GOP candidates falsely claim to protect pre-existing conditions

Over a quarter of all non-elderly adults, 27%, have pre-existing conditions. Americans consider keeping all of these people with medical needs insured to be a major priority. According to Kaiser Family Foundation, it’s the single-most important health care issue for Americans of all parties.

Ahead of the midterm elections, President Donald Trump and GOP lawmakers have repeatedly stressed in tweets and speeches that he and Republicans care deeply about protecting the health care for these vulnerable populations. Under current Obamacare law, insurers are not allowed to raise prices on health plans for people with pre-existing conditions or deny someone seeking a plan.

The most common pre-existing conditions? Acne, anxiety, diabetes, asthma, sleep apnea, depression, COPD, obesity, atherosclerosis, and cancer are the most common ones, according to a CNN analysis. In some cases, pregnancy has even been considered a pre-existing condition.

Should protections for pre-existing conditions be thrown out, 100 million people could be affected, according to analysis from consulting firm Avalere.

Capitol Hill police officers prepare to arrest a group protesting the Republican healthcare bill outside the offices of Sen. Dean Heller, R-Nev., on Capitol Hill in Washington, Monday, July 17, 2017. The Senate has been forced to put the republican’s health care bill on hold for as much as two weeks until Sen. John McCain, R-Ariz., can return from surgery. (AP Photo/Andrew Harnik)

But the actions of Trump and the Republican-controlled Congress have not been consistent with trying to protect pre-existing conditions. Despite loud pre-election support of protecting pre-existing conditions, the Republican party has failed to support them. In other words, Trump is fibbing.

The 2017 ACA repeal effort

The repeal efforts centered around the American Health Care Act, which were pushed back by Sen. John McCain’s nay vote in 2017, would have put pre-existing conditions in doubt for a significant number of Americans.

First off, House Republicans amended the bill to allow certain states to get waivers to eliminate “community rating” for people who had a gap in coverage. This is a key provision of the ACA that prevents older people with more health expenses from being charged more than three times what younger people get charged. So while consumers couldn’t be denied insurance, it could be prohibitively expensive for some.

The waivers would have also covered the elimination of “essential health benefits,” which would mean that while a person with a disease or pre-existing condition could obtain coverage, they might not have their medications covered.

Furthermore, the GOP’s singular efforts to erase the individual mandate would have a similar effect on people with pre-existing conditions. With younger, healthier people able to opt out of insurance with no penalty, people with pre-existing conditions unable to opt out would be left in insurance pools on their own, something that would result in higher premiums or the famous “death spiral” situation for a pool.
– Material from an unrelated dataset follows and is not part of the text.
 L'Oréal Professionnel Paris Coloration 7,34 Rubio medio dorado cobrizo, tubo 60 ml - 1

In this situation, insurers would drop out of certain markets as they became less lucrative, leaving people with pre-existing conditions with pricier, less competitive plans with fewer options.

Short-term plans

The Trump administration has also opened up another type of insurance called “short-term plans” that provide a skinny option for coverage that is noncompliant with the ACA’s provisions. Under these plans, insurers don’t have to cover pre-existing conditions.
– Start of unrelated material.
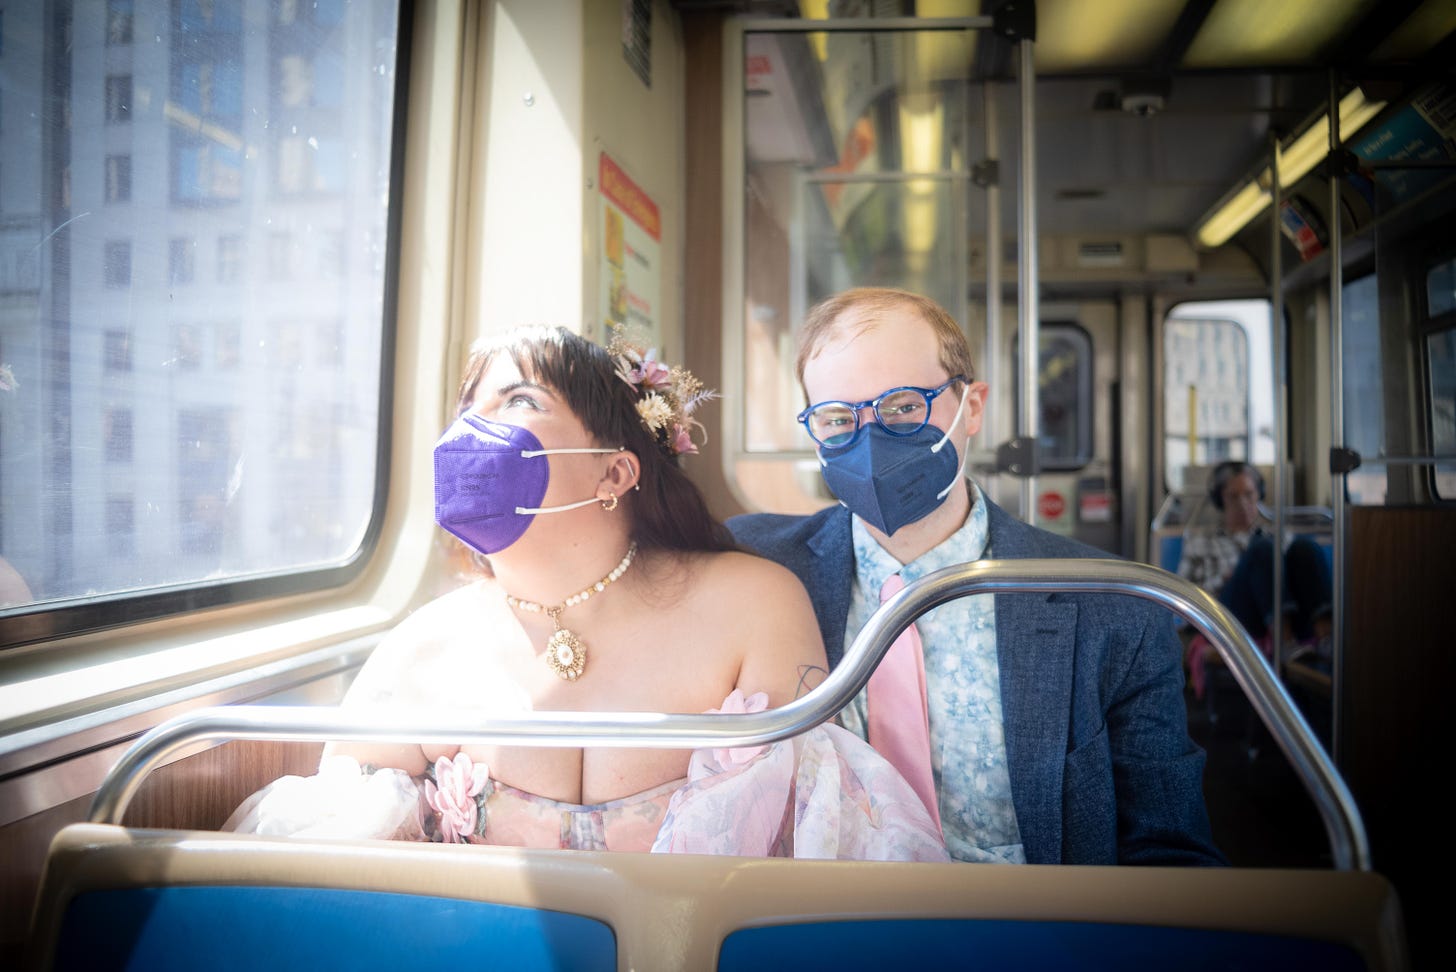 Daniella and Joe where their wedding garb and face masks while riding the Chicago El.

“By covering primarily people who are healthy at the time they apply, short-term plans have much lower claims costs than ACA-compliant plans and can charge substantially lower premiums,” the Kaiser Family Foundation, a non-partisan health care policy group, wrote about these plans.
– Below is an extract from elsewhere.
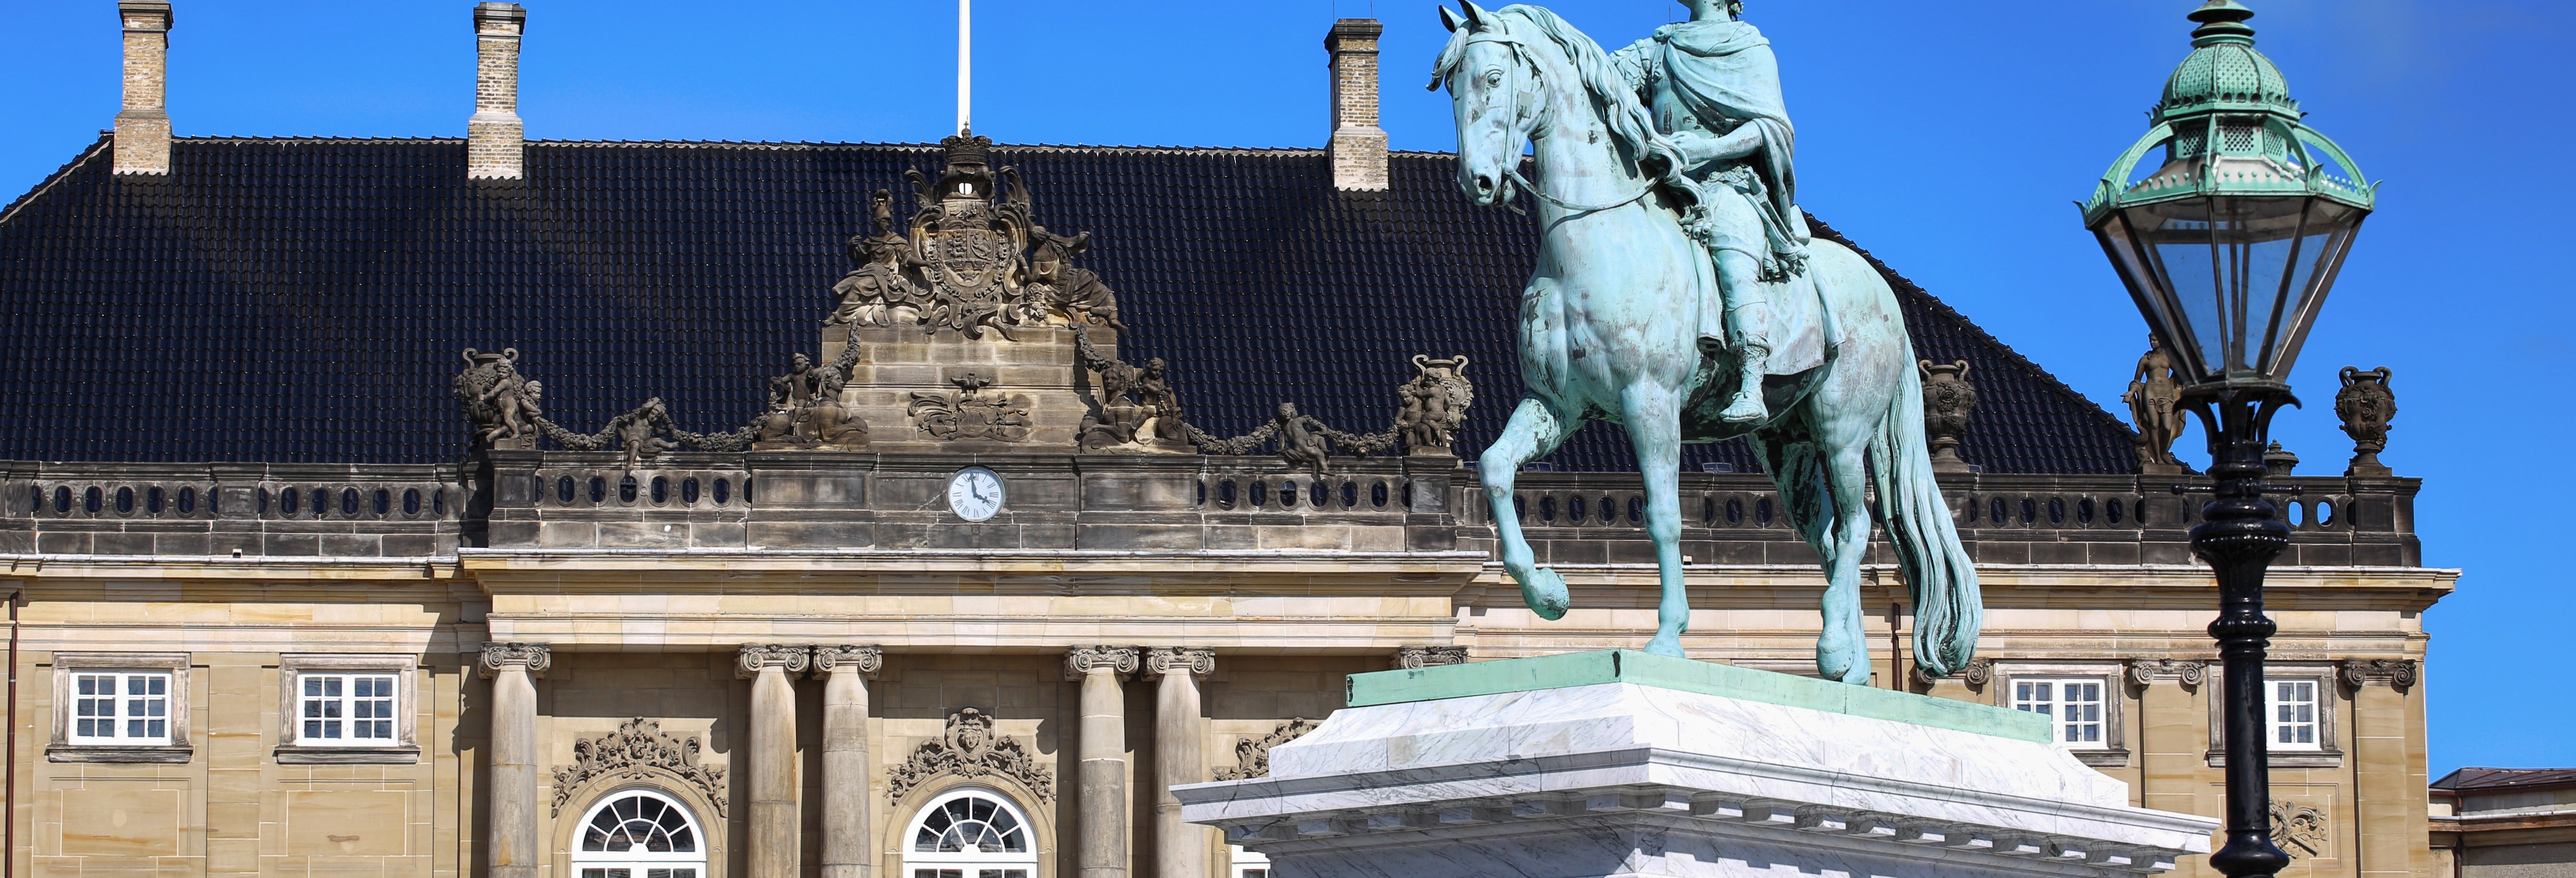 Visita guiada pelo Palácio de Amalienborg

This, like the removal of the individual mandate, has the effect of destabilizing the markets that still accept people with pre-existing conditions. By letting healthy consumers go without insurance and raising the concentration of people with pre-existing conditions, insurance premiums will rise.

Obamacare lawsuits supported by the Trump administration

The most damning proof showing the fake commitment to the protection of those with pre-existing conditions, as many other reports have noted, is the fact that the Trump administration is literally supporting the fight against the protection of pre-existing conditions and the mandate in court through a brief and by not defending the law of the land.

Twenty GOP attorneys general are fighting these measures in Obamacare, despite what the politicians are saying. As Vox’s Sarah Kliff noted, Missouri Senate candidate Josh Hawley is part of this lawsuit, but has released ads that say, “I’m Josh Hawley. I support forcing insurance companies to cover all pre-existing conditions.”

The evidence is clear and incontrovertible: These politicians’ actions do not support keeping protections for people with pre-existing conditions.